» Source material:
=== Begin Enclosure ===

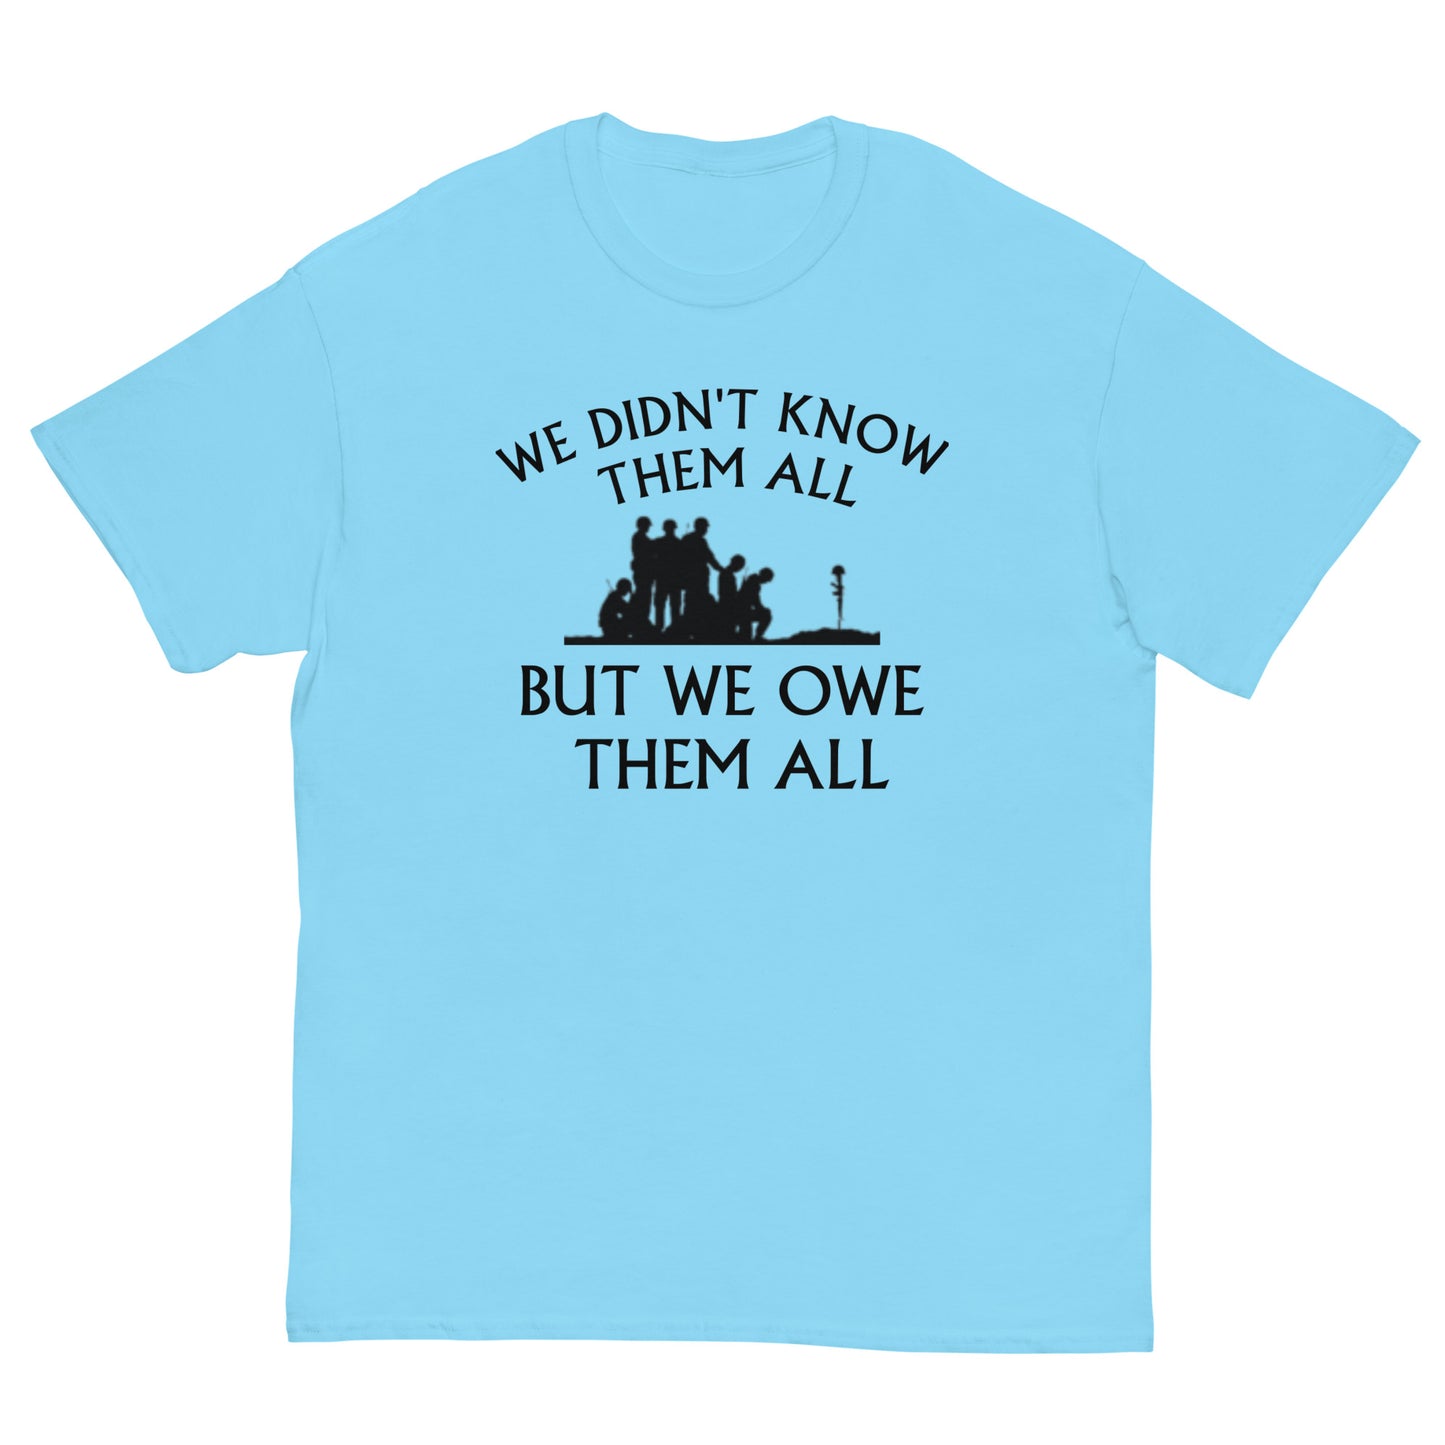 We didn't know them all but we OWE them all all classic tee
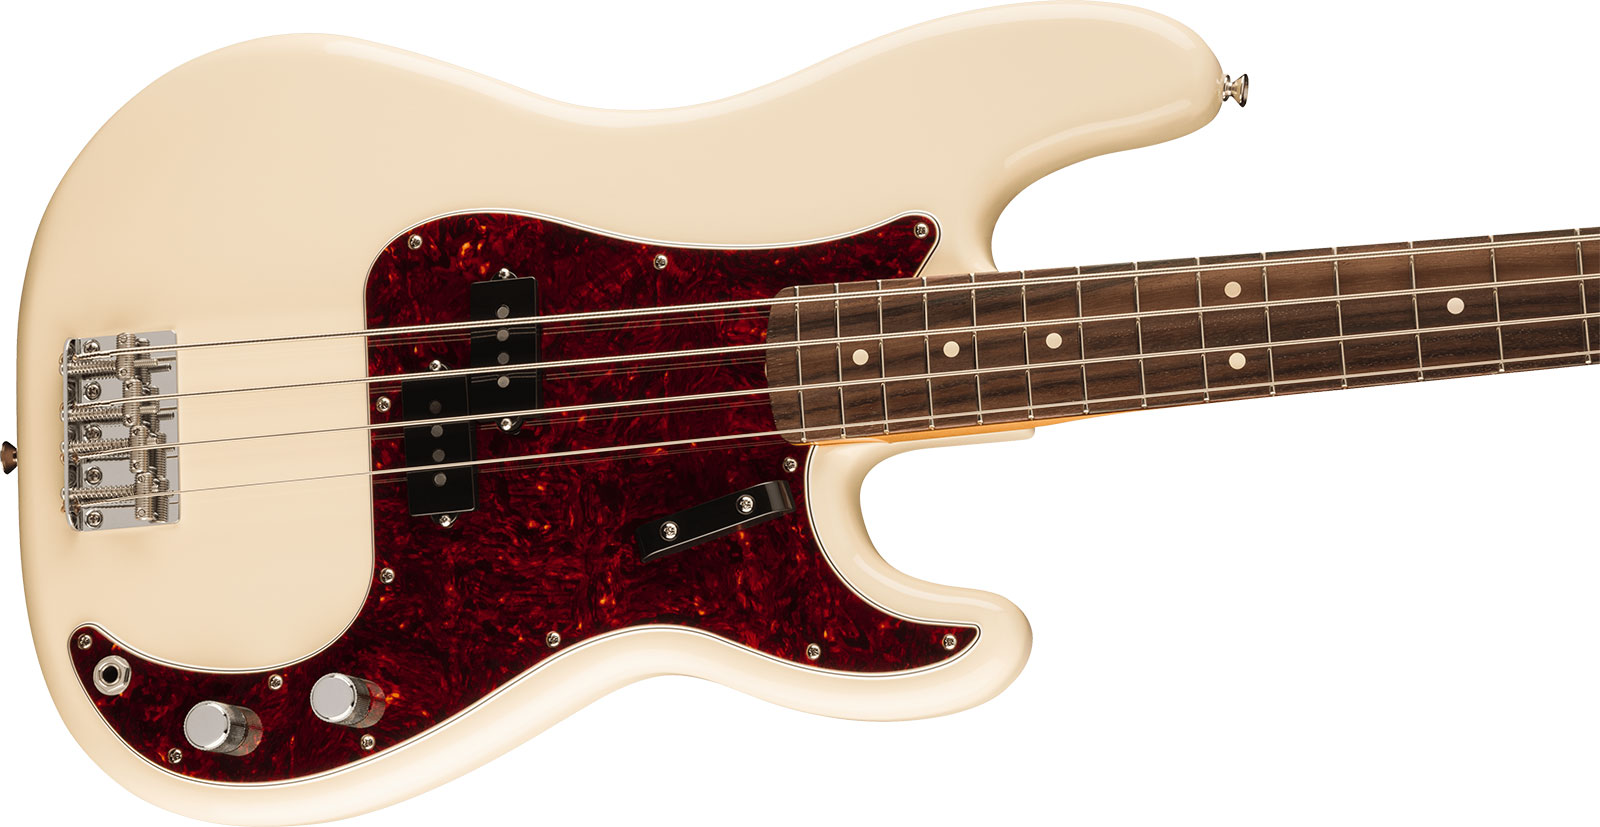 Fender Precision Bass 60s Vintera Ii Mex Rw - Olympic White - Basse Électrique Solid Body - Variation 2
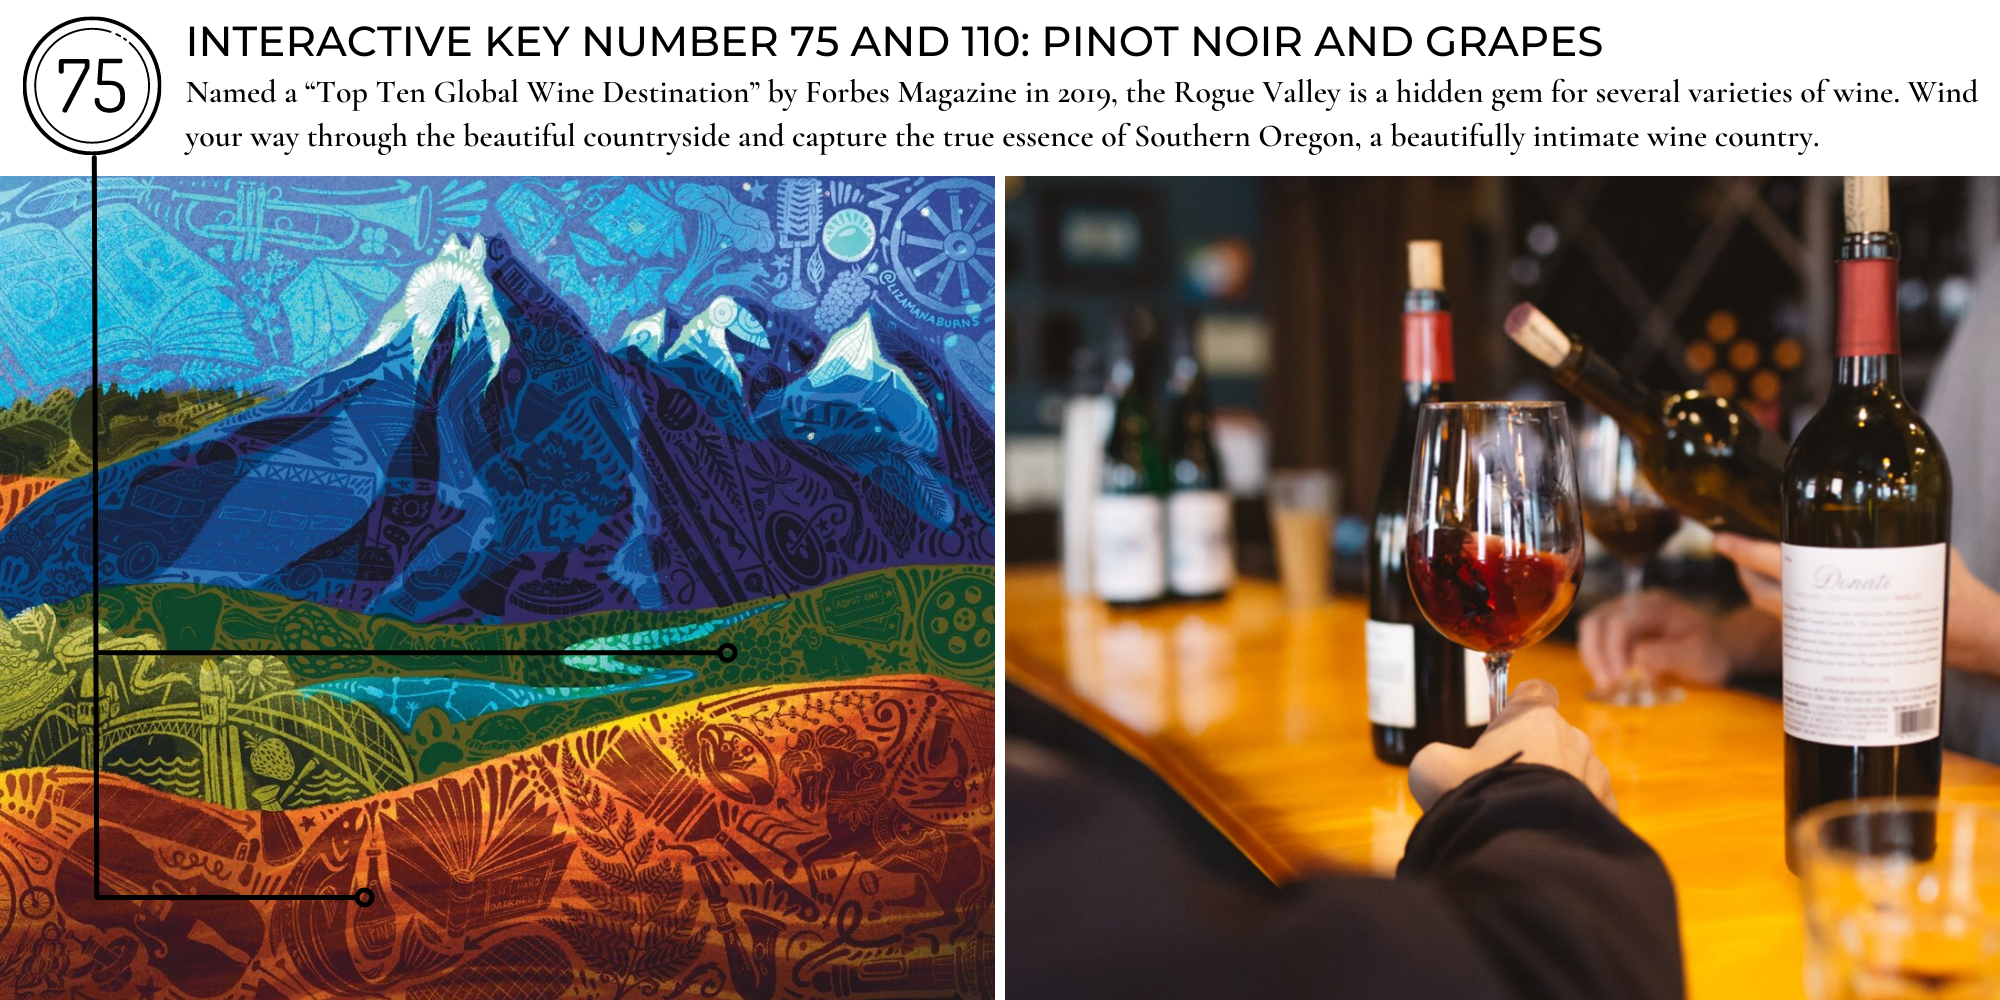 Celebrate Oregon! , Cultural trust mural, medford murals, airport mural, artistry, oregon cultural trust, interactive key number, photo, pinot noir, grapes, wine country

=== End Enclosure ===

» Exercise requirements:
Without the pictures, give every line of the data again, exactly as written.

» Output of the exercise:
 We didn't know them all but we OWE them all all classic tee
 Fender Precision Bass 60s Vintera Ii Mex Rw - Olympic White - Basse Électrique Solid Body - Variation 2
 Celebrate Oregon! , Cultural trust mural, medford murals, airport mural, artistry, oregon cultural trust, interactive key number, photo, pinot noir, grapes, wine country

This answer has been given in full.